» PROBLEM
Return, unaltered, every line from the beginning of the material below up to and including the one with "The HaPenny Bridge in Dublin, Ireland".

+++ SOURCE RECORDS +++

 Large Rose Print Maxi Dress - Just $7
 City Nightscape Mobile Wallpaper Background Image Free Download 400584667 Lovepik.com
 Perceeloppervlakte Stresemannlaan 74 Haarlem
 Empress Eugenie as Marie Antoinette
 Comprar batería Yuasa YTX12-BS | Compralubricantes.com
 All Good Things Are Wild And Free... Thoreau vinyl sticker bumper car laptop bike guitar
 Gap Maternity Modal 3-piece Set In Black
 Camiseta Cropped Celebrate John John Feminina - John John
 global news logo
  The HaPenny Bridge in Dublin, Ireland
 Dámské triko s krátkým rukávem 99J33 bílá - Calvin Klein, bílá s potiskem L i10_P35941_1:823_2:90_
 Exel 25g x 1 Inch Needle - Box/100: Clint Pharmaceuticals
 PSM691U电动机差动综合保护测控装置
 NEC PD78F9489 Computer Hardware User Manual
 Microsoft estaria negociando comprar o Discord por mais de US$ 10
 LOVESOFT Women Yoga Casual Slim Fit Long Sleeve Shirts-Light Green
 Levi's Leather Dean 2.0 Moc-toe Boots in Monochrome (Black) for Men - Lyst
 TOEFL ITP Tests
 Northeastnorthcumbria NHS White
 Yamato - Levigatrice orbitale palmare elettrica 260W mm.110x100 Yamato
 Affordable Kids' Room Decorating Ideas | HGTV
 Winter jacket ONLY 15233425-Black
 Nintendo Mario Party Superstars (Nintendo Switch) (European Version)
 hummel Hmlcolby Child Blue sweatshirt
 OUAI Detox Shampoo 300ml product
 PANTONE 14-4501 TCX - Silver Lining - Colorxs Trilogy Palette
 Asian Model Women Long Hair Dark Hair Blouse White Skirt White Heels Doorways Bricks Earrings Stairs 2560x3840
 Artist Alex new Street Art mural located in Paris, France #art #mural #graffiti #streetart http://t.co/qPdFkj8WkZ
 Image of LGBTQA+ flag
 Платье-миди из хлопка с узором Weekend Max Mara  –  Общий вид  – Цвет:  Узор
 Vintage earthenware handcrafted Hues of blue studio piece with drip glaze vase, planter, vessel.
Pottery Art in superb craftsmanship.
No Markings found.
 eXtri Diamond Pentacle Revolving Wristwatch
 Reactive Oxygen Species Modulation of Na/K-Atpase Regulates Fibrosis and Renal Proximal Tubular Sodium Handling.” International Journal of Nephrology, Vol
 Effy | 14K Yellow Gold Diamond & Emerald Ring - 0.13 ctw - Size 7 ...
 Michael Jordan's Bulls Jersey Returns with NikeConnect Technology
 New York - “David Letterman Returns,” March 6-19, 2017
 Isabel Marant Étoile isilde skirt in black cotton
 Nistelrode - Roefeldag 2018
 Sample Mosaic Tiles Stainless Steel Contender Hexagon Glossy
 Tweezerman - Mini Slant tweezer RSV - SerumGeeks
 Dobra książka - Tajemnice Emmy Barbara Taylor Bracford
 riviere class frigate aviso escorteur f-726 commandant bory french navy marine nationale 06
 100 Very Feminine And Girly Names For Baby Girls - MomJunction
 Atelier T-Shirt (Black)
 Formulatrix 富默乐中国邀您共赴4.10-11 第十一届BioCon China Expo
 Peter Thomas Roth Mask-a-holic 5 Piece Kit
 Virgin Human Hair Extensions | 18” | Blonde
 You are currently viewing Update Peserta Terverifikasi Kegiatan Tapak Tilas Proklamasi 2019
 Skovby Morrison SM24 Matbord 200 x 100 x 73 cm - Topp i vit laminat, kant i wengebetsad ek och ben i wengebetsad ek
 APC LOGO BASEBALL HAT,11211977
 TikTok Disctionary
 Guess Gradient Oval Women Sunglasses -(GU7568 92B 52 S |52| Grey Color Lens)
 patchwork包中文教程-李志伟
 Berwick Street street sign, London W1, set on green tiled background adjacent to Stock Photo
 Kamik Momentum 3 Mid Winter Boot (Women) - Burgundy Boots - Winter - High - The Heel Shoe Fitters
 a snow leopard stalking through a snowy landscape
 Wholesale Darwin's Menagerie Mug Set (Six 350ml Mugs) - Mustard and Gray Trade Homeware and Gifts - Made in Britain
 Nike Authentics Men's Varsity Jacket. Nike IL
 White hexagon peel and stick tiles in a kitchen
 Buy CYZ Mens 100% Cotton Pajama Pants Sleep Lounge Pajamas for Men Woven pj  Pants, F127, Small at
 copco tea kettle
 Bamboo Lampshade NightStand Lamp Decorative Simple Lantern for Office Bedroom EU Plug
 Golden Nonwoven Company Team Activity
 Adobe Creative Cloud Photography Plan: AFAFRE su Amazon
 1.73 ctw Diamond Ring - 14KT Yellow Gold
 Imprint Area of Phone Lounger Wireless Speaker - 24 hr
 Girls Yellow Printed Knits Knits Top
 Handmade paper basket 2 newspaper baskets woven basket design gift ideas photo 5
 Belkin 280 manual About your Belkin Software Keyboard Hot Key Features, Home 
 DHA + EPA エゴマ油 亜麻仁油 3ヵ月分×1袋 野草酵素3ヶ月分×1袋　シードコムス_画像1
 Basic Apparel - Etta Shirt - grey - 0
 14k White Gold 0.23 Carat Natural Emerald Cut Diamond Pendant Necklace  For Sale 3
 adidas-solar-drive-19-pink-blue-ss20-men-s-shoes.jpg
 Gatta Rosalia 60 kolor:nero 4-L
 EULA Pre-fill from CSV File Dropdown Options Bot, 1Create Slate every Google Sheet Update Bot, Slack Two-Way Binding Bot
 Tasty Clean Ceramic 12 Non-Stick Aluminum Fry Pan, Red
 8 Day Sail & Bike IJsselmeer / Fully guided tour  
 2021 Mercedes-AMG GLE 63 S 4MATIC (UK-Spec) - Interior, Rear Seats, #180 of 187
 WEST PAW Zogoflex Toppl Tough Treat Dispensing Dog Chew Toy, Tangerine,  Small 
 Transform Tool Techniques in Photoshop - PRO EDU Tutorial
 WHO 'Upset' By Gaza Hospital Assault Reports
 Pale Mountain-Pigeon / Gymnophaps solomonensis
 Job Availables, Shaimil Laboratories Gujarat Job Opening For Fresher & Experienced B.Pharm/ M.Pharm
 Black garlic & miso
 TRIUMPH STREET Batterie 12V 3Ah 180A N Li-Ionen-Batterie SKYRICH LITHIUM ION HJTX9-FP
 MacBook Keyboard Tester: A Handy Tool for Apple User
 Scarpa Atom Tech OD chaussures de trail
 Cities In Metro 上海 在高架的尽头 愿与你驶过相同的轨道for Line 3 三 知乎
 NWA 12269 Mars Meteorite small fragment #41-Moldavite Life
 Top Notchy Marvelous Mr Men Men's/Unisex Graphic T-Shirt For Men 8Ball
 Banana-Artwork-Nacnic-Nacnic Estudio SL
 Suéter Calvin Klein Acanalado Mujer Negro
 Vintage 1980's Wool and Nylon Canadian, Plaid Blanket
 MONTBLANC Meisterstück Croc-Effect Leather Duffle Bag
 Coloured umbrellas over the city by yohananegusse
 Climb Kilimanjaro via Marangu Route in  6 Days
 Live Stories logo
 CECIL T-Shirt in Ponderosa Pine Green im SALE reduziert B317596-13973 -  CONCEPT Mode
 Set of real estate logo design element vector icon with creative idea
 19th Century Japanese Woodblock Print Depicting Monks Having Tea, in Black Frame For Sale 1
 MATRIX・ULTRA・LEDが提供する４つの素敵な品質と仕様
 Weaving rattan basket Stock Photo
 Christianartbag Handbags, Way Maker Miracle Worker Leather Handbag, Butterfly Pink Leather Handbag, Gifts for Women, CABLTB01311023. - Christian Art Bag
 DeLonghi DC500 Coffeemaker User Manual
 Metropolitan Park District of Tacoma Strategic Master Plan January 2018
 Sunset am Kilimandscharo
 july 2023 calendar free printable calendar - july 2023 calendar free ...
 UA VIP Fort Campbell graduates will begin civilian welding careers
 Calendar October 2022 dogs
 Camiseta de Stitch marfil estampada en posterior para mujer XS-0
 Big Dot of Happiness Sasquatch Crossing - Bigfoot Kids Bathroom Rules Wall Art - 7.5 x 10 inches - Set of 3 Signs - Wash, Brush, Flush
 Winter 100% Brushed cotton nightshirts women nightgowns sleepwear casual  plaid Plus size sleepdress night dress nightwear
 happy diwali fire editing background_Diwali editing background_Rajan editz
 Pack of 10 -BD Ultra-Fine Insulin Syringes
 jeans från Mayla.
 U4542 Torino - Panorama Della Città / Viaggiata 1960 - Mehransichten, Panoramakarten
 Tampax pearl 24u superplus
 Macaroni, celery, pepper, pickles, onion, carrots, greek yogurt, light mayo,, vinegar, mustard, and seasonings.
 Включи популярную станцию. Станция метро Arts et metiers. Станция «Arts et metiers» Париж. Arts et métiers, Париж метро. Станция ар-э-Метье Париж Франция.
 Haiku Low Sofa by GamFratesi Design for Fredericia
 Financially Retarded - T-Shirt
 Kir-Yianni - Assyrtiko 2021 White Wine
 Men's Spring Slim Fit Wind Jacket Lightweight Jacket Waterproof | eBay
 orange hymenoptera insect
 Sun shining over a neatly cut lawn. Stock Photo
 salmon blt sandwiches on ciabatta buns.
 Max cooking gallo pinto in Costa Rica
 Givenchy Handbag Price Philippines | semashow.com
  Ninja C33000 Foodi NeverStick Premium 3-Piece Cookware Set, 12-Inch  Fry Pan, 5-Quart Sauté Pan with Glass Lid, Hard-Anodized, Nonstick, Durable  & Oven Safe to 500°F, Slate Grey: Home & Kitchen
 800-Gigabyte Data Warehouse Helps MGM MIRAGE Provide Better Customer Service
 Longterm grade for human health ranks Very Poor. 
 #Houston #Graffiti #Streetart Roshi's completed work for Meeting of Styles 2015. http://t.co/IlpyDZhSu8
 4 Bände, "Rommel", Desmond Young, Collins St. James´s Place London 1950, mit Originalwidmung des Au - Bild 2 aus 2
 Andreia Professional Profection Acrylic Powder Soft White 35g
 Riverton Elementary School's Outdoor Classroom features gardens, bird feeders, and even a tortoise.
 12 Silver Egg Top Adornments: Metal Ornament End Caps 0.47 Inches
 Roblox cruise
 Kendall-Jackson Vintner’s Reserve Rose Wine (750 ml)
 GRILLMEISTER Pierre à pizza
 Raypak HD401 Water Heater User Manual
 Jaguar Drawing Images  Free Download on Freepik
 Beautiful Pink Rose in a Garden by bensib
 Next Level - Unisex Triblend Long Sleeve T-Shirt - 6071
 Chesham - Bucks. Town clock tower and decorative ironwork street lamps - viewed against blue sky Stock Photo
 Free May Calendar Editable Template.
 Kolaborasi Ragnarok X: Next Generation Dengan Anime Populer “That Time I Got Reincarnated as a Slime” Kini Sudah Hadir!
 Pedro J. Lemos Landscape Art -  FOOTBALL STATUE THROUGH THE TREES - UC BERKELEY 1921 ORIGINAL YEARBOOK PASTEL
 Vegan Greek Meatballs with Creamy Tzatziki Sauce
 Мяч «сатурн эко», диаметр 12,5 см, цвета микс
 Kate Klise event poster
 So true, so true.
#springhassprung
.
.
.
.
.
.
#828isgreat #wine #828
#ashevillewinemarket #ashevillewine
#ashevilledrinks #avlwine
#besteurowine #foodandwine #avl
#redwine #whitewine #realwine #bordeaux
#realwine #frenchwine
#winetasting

+++

» RESPONSE AREA
 Large Rose Print Maxi Dress - Just $7
 City Nightscape Mobile Wallpaper Background Image Free Download 400584667 Lovepik.com
 Perceeloppervlakte Stresemannlaan 74 Haarlem
 Empress Eugenie as Marie Antoinette
 Comprar batería Yuasa YTX12-BS | Compralubricantes.com
 All Good Things Are Wild And Free... Thoreau vinyl sticker bumper car laptop bike guitar
 Gap Maternity Modal 3-piece Set In Black
 Camiseta Cropped Celebrate John John Feminina - John John
 global news logo
  The HaPenny Bridge in Dublin, Ireland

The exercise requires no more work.